Ever since that day in La Morra many years ago, when we were introduced to wine and what it could be, we’ve known what we like and what we prefer.  For us who are not professionals, it’s hard to put words to it, but it’s a bit the same like why Parma ham taste better than cooked ham, fresh veggies better than frozen:  You cannot always say it out load, but you know when you’re in vicinity of greatness, and when you’re not. 

For us,   that often means Italian or French wines – 90 Hermitage by Guigal, 90 1er Cru Beaune by Jean Boillot, 96 Pomorosso by Coppo, 96 Barolo by Altare, 00 Clerc Milon are some of our great wine experiences – and it often means natural wines – with the meaning of natural wines being not altering the laws of nature but rather expressing what nature has offered.

A significant moment then, when we were given an American bottle by a friend with the greatest of accolades, and the promise that this would fit perfectly with the criteria of what we think (yes, to a certain extent taste is also individual and personal!) constitutes a great wine. To ease the “transition” so to speak,  the winery’s name was Italian (Far Niente), as was the name of the winemaker (Nicole Marchesi).  Could it really be?

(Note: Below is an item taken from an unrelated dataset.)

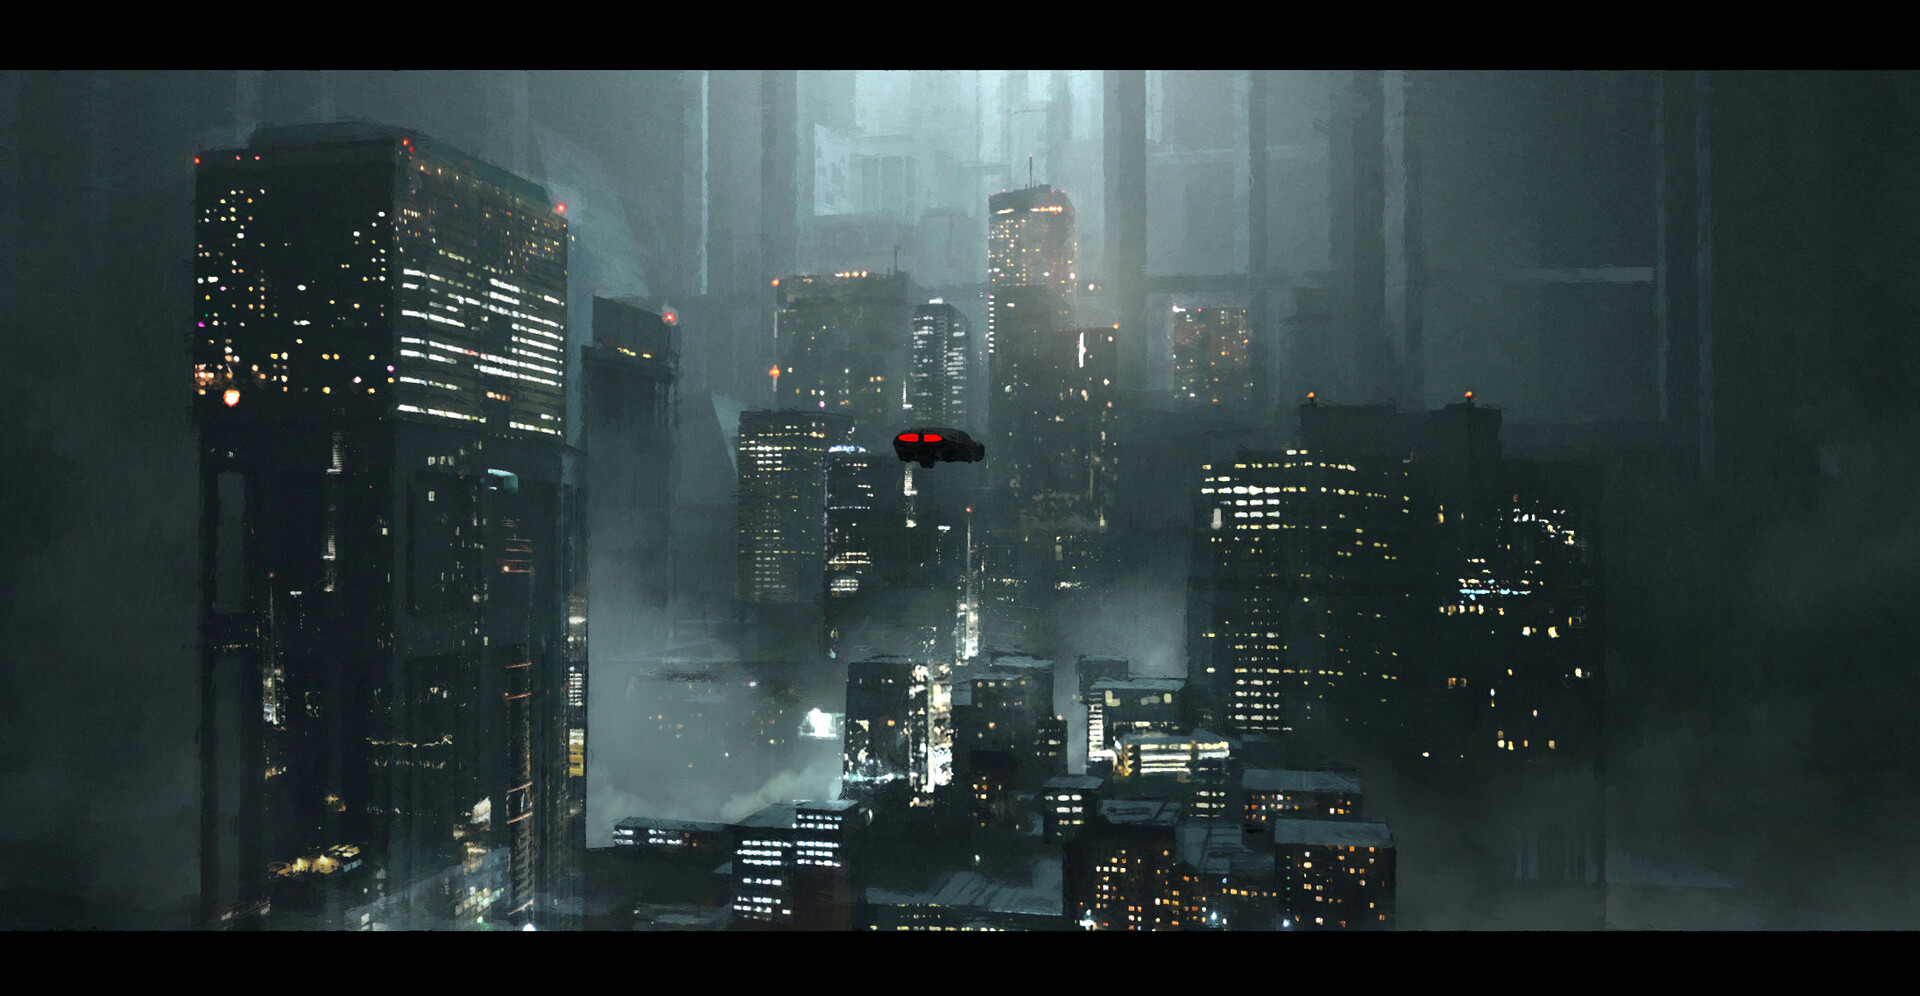 Neo Noir Blade Runner Blade Runner 2049 Cyberpunk City Futuristic Futurism Flying Car 1920x996
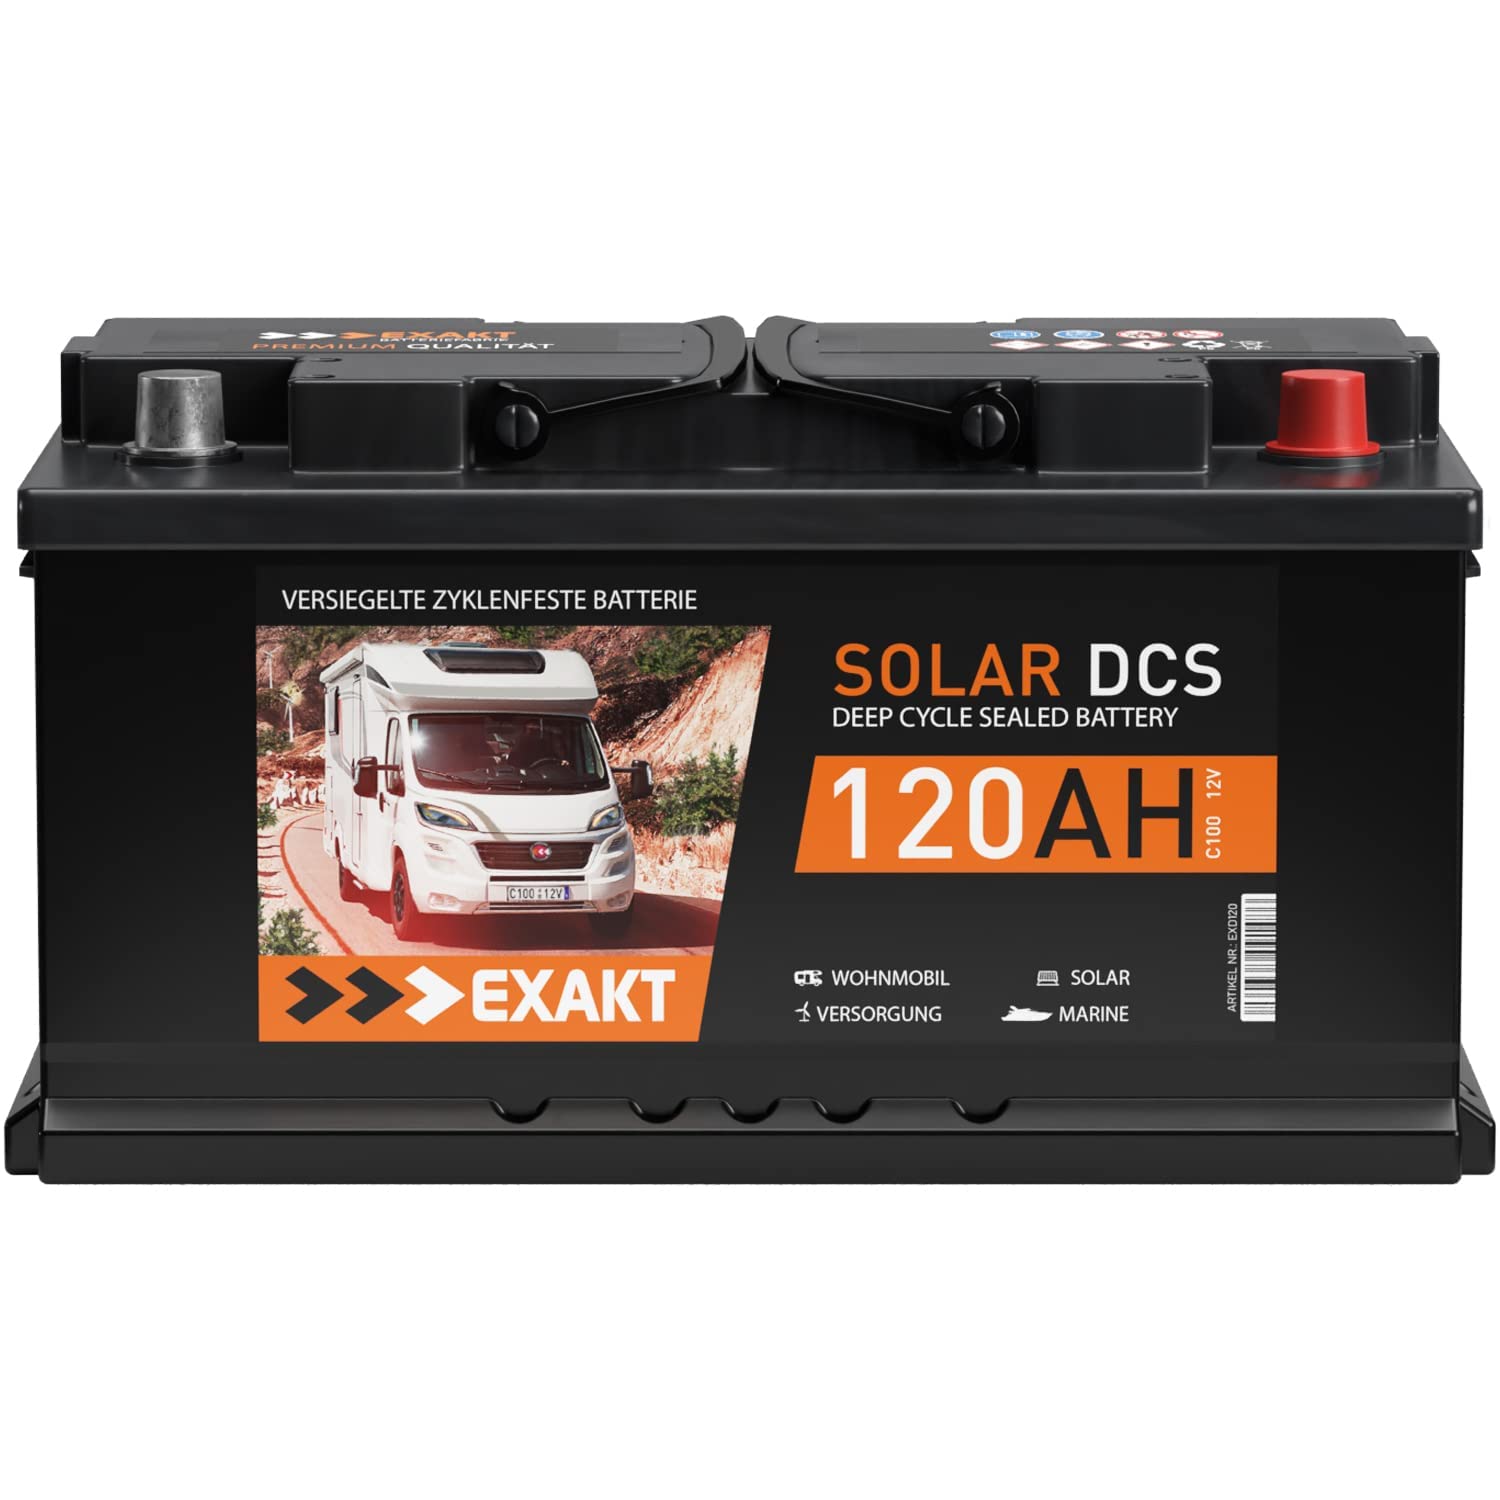 Solarbatterie 120Ah 12V EXAKT DCS Wohnmobil Versorgung Boot Solar Batterie (120AH 12V) von Exakt

The Far Niente winery dates back to the 19th Century.  Located in Oakville, Napa Valley, it was shut down during prohibition, and did not open again as a winery until some 60 years after.   1982 marks the re-emergence with the first Cabernet Sauvignon vintage. 

 

Far Niente

Grapes from vines in Martin Stelling vineyard, located behind the winery itself, some fruit from Halter Valley, together with a dash of grapes from the Sullenger vineyard , makes up the Far Niente Cabernet Sauvignon.

The 2005 Far Niente is all dark fruits and berries on the nose, with a touch of wet ground and a hint of chocolate. Our pre-conception of oaky American type wine, was only partly confirmed.  The vanilla and smoky flavors are subdued, and does not ruin the wine (that is, for us who thinks wine should not have added flavors from oak or other additives).

It is silky textured, balanced, and much more precise than we would have expected. And it develops very nicely in the glass, with secondary aromas of spice and licorice, and surprises (again) with a long and lingering finish.

All in all, yes, a tad more oak than we would like, but pound for pound a good example of what a Cab could and should be. And it’s very close to the quality normally produced only by the well-known Chateaus on the West Bank in Bordeaux. 

And, the first American wine with Wine of the Week honors.